We will load some output/intermediate files from a recent command-line experiment with command
```
python examples/mrc/run_mrc.py --model_name_or_path PrimeQA/tydiqa-primary-task-xlm-roberta-large \
       --output_dir ${OUTPUT_DIR} --fp16 --do_eval \
       --per_device_eval_batch_size 128 --overwrite_output_dir \
       --postprocessor primeqa.boolqa.processors.postprocessors.extractive.ExtractivePipelinePostProcessor \
       --do_boolean --boolean_config examples/boolqa/tydi_boolqa_config.json
```

In [2]:
mrc_file=f'{base}/eval_predictions.json'
qtc_file=f'{base}/qtc/eval_predictions.json'
evc_file=f'{base}/evc/eval_predictions.json'
out_file=f'{base}/sn/eval_predictions_processed.json'

# Display helper

Our intermediate files have many fields - to display them better we use a helper routine to convert to dataframes.

In [3]:
from primeqa.boolqa.processors.dataset.mrc2dataset  import create_dataset_from_run_mrc_output

from datasets import ClassLabel, Sequence
from numpy.random import permutation
import pandas as pd
from IPython.display import display, HTML

# Based on https://github.com/huggingface/notebooks/blob/main/examples/question_answering.ipynb
def show_balanced_examples(dataset, perm, groups, nrows, maxchars, cols):
    df = pd.DataFrame(dataset)
    dfp = df.iloc[perm] # shuffle
    dfg = dfp.groupby(groups)
    df_todisplay = dfg.head(nrows)[cols]
    if 'passage_answer_text' in cols:
        df_todisplay['passage_answer_text'] = df_todisplay['passage_answer_text'].str.slice(0,maxchars) + '...'
    display(HTML(df_todisplay.to_html()))

# Samples of MRC output

Here we show `question`'s and the predicted answer `span_answer_text` for the random examples (one from each language.)  This is at the initial stage of question answering - a purely extractive system.  The confidence in the span answer is given by `span_answer_score`, which is a function of various other logits available in the file.

In [4]:
eval_examples=create_dataset_from_run_mrc_output(mrc_file, unpack=False)
random_idxs = permutation(len(eval_examples))

cols=['example_id','question','span_answer_text','language', 'span_answer_score']
show_balanced_examples(eval_examples, random_idxs, 'language', 1, 100, cols)
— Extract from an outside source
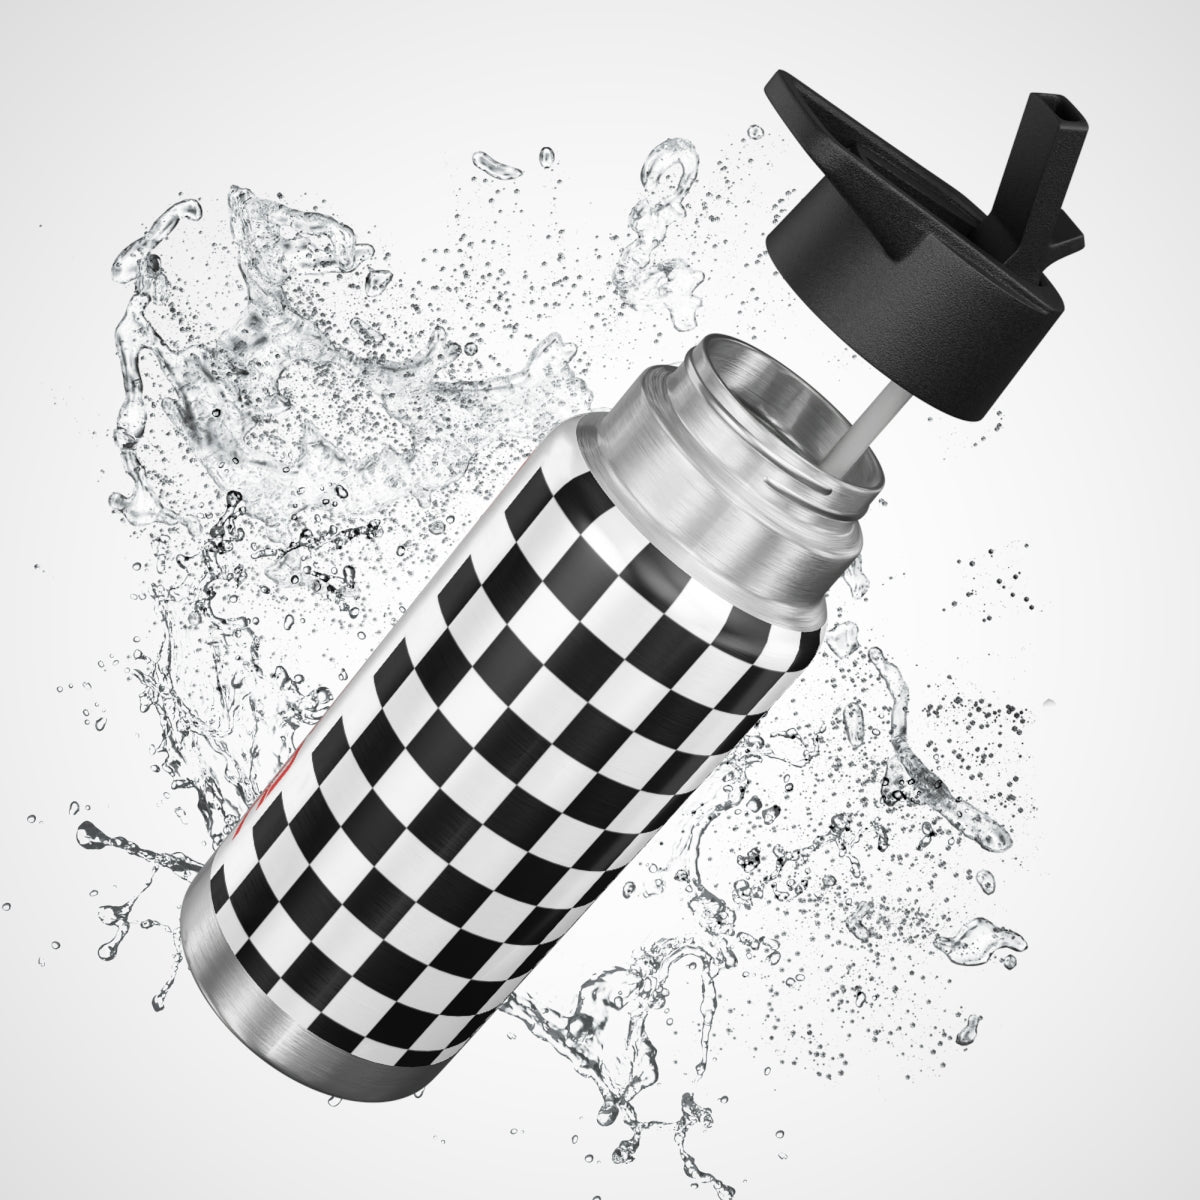 32 OZ DOUBLE-WALL STAINLESS STEEL WATER BOTTLE - BLACK CHECKER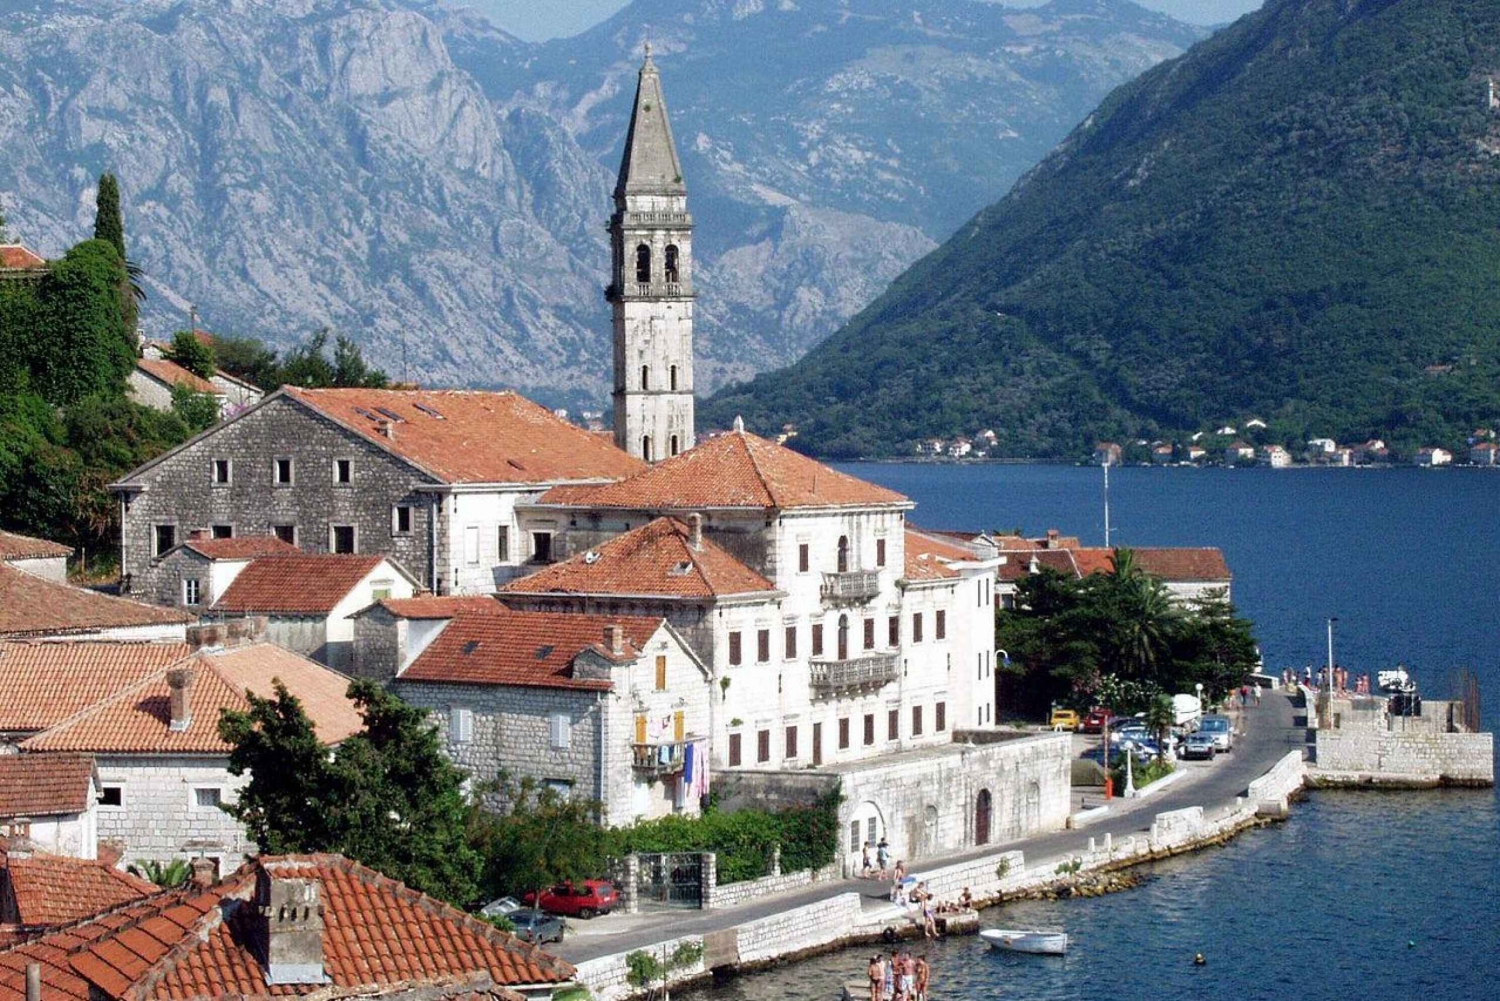 Farm Oysters and Mussels ( Perast and Lady of the rocks )

Unnamed: 0,example_id,question,span_answer_text,language,span_answer_score
2991,40d6b689-2367-400b-8696-7b4699319250,Onko seminoleilla oma kieli?,Kieltä puhuvat creekit ja seminolit Oklahomassa ja Floridassa,finnish,-9.770508
103,51b64c30-b88b-4df2-a031-4aea7767cc2b,2018년 한해동안 가장 많은 강수량을 기록한 나라는 어디인가?,대한민국,korean,0.393555
13250,b8ba1fe6-4151-48c6-b01e-9601745f47cd,mata uang apakah yang digunakan di brazil?,Real Brasil,indonesian,6.929688
1950,63da4d5b-c749-4ea4-983b-66175aa4fffd,পশ্চিমবঙ্গের মুর্শিদাবাদ জেলার সদর শহর কোনটি ?,বহরমপুর,bengali,6.760742
3482,d492809f-ee82-499a-83c5-47978f4f2384,2014 వరకి విజయవాడలో అతిపెద్ద కట్టడం ఏది?,నల్లూరి వెంకటేశ్వర్లు,telugu,-7.500366
3465,ef360d58-694c-49b3-b54a-a8751e4caa8d,ローリング・ストーンズはいつ結成した？,1962年4月の,japanese,9.82666
16352,a407bfdb-4209-472f-9023-1d2bde833319,Где разворачивается действие игры Dreamfall Chapters?,"двух параллельных мирах — Старке, антиутопичном будущем Земли, и Аркадии, его магическом мире-двойнике",russian,7.37207
8929,db464794-b7c0-4659-a898-6c3b26b70caa,อีดี อามิน มีภรรยาชื่อว่าอะไร?,มาดินา อามิน,thai,4.783203
2712,9136366d-4825-42bd-bd49-c4cd3f75d673,في أي عام تولى عبد الفتاح السيسي الحكم في مصر؟,2014,arabic,6.96582
14054,2cc55a29-83a6-4224-bfe6-2cde22c5c2ee,Kisiwa cha Pemba kina mitaa mingapi?,980 km².,swahili,0.041016


# Samples of QTC output

At this stage, two fields have been added: `question_type_pred` which is `boolean` if the question is a boolean question, and `short_answer` if the question is not boolean - typically factoid in this dataset.
The other field `question_type_scores` contains the classifier scores (logits) for each class. 
By far the majority of questions in TydiQA are `short_answer`: we present random examples chosen equally from those predicted `boolean` and those predicted `short_answer`.

In [5]:
eval_examples=create_dataset_from_run_mrc_output(qtc_file, unpack=False)
english_eval_examples = eval_examples.filter(lambda x:x['language']=='english')
random_idxs = permutation(len(english_eval_examples))
cols=['example_id','question','question_type_pred', 'question_type_scores']
show_balanced_examples(english_eval_examples, random_idxs, 'question_type_pred', 5, 100, cols)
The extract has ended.